I also wrote a small tool on top of it to perform comparative-benchmarks and compare different implementations for the same code. You can find it at tmr232/python-benchmark.


pytest-json-report generates a JSON report for a pytest run. It has 2 main benefits:

  1. Makes it easy to parse the test results and create custom reports
  2. Makes it easy to add extra information into the test results

I use it to add peak-memory-usage into the test-results, so that I can keep track of that.

Packaging & Deps


Poetry is my go-to for managing my Python dependencies.

The main advantage of Poetry over other tools is that it automatically maintains a lock-file for you.

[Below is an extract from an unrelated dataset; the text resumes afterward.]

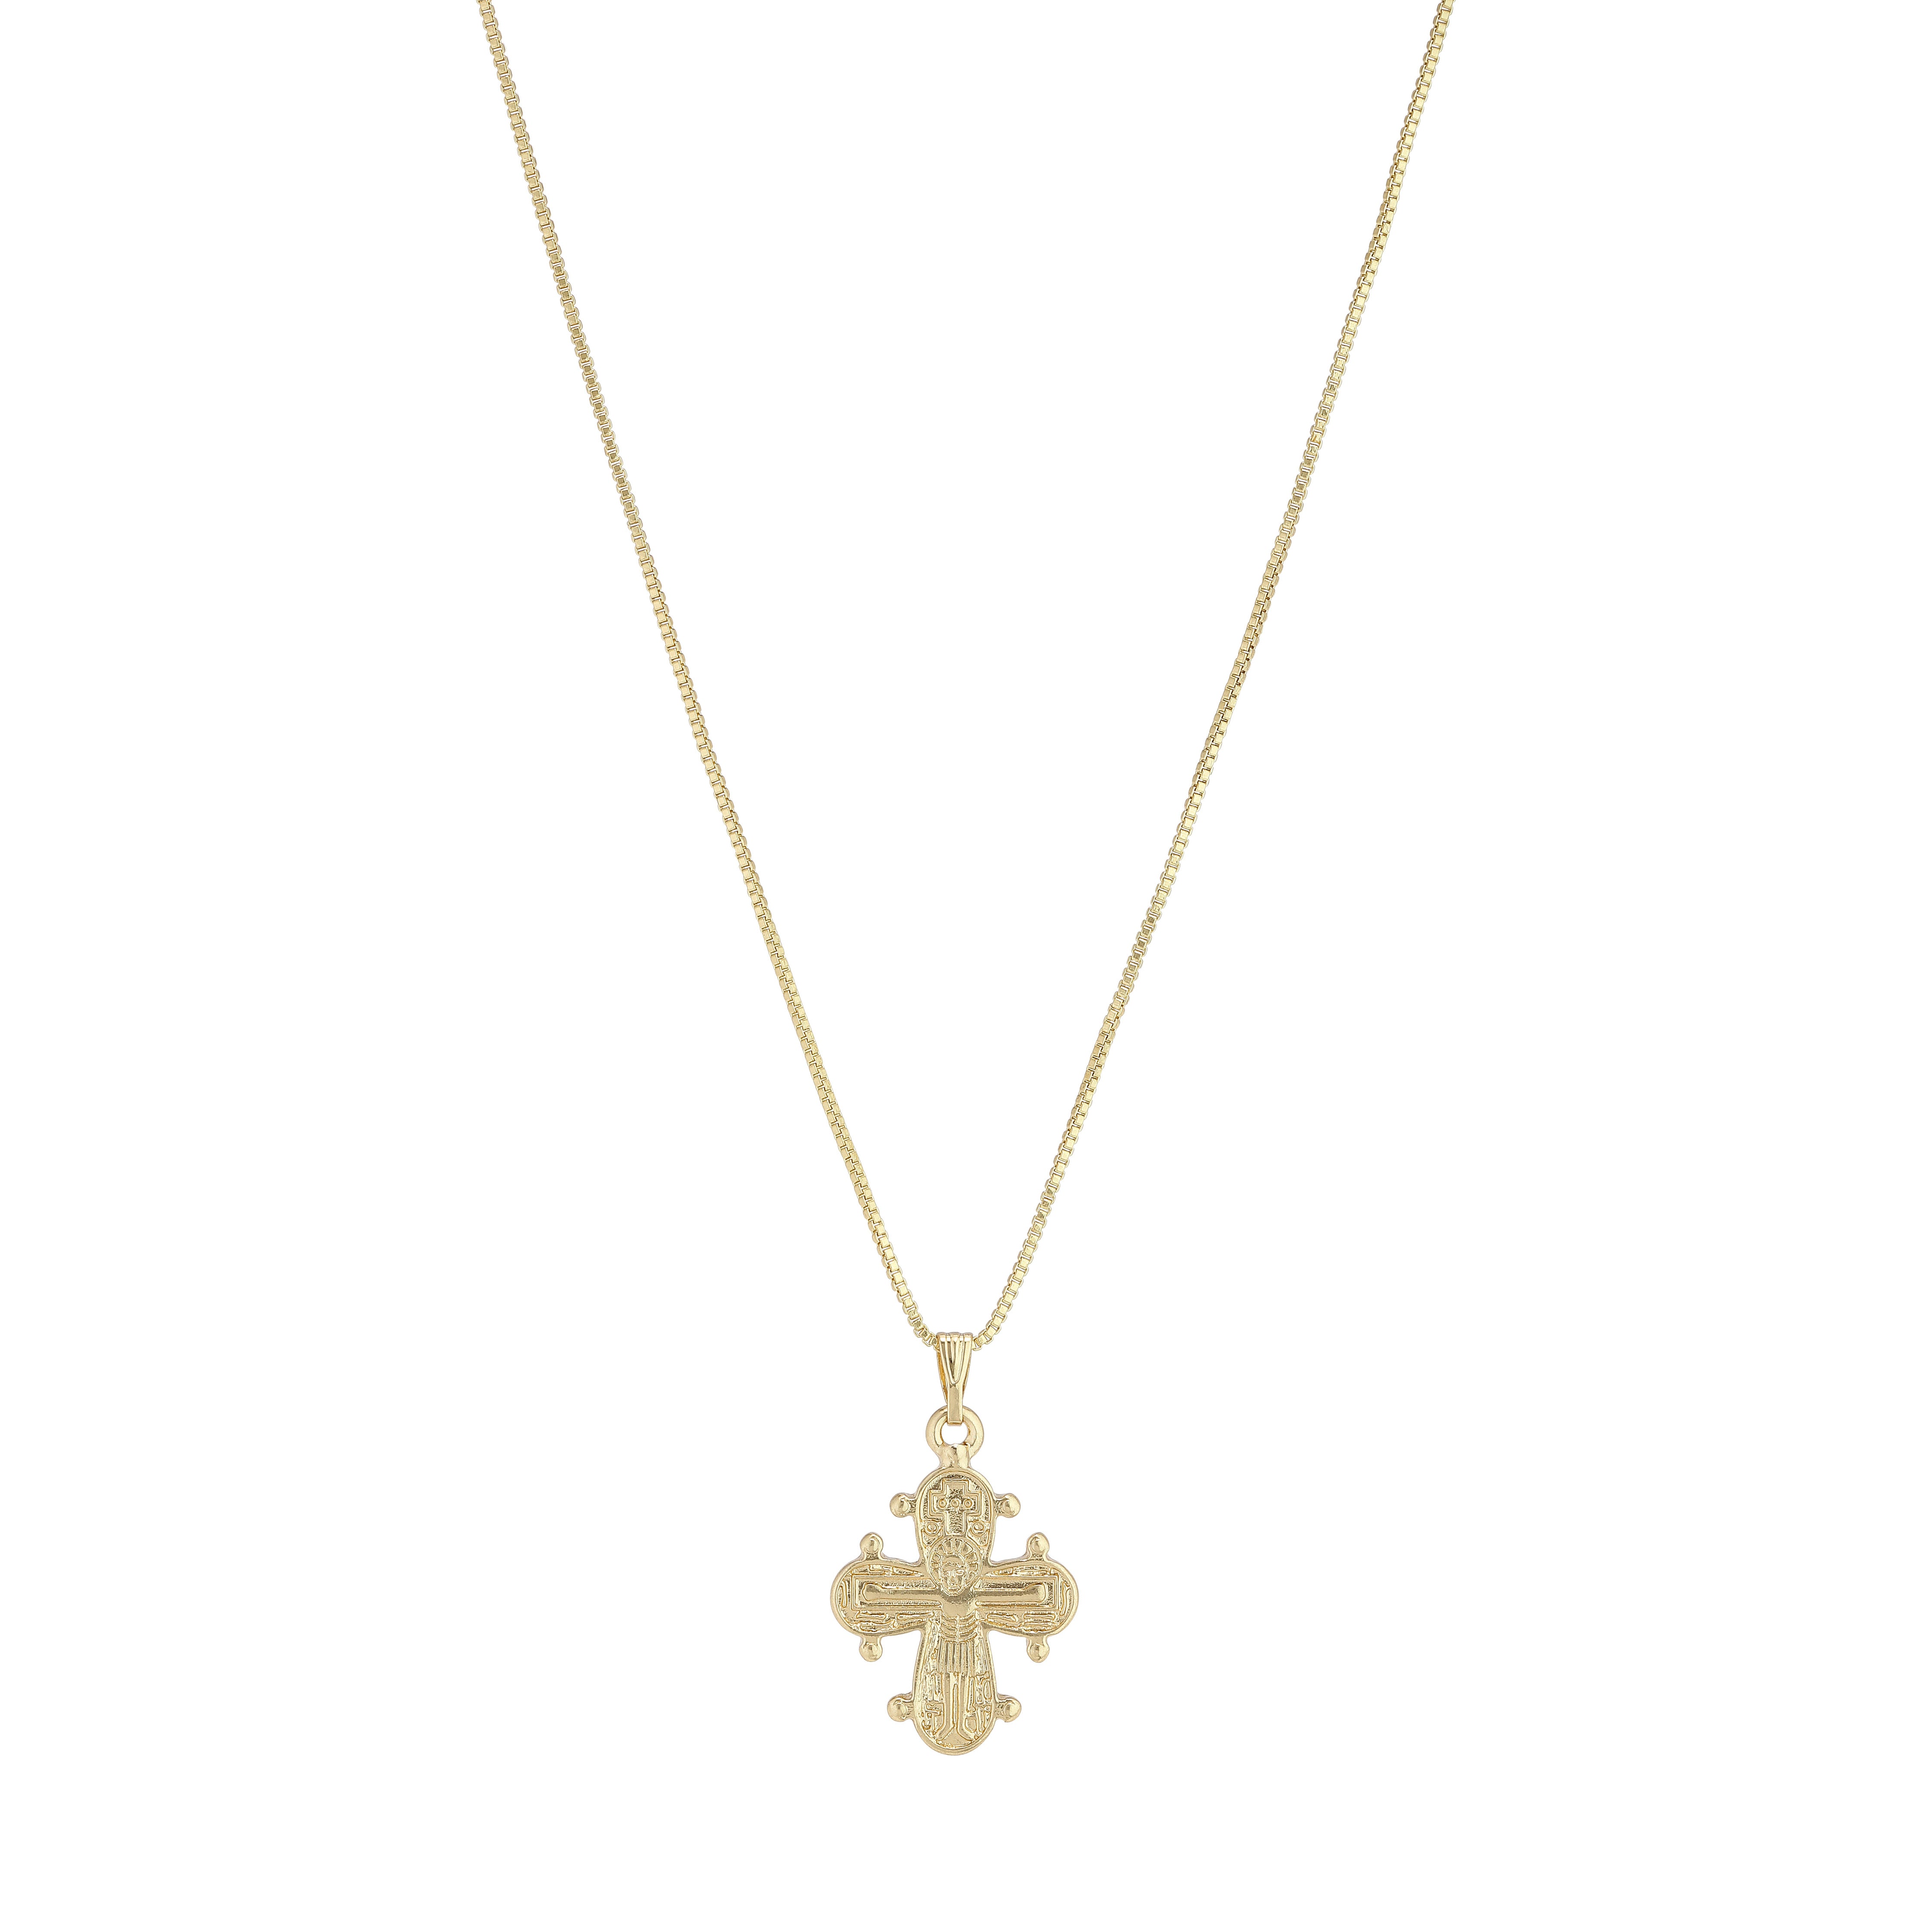 DAGMAR recycled pendant necklace gold-plated

By committing the lock-file into your repo, you ensure that package versions will be identical across all your environments. That way you know that what you develop with locally is the same as what’s tested in the CI, same as what’s deployed to staging, and also the same as what you deploy to production.

I think that this alone should be enough to convince you.



Rich is a Python library for rich text and beautiful formatting in the terminal.

If you print anything to the terminal - use Rich. It’s better than any other library in the category.


Typer, from the creator of FastAPI, makes building advanced CLIs easy and painless.

In it’s most basic - it takes the argument names and type annotations from a function, and converts it to a fully-features CLI (flags, arguments, documentation, completions).


attrs is my preferred way to write Python classes. It uses type annotations to declaratively define your classes, and does a fantastic work of deducing extra functionality from it (comparisons, equality, hash…).

To keep things short - I don’t remember the last time I wrote an __init__ method.


If you ever need to draw a graph, use Altair.

For it’s philosophy and a brief intro, I recommend watching How to Think about Data Visualization by Jake VanderPlas.

The only downside I found so far is that exporting an image usually requires a web-browser in the process. But if your final output is HTML - you should be good.


Yes, pandas, the data-frame library.

If you’re ever dealing with numeric data, it’s worth spending the time (a couple of days, in my case) to develop basic competency with pandas. Once you have that, a lot of annoying tasks that you used to do in Excel become easy and straightforward.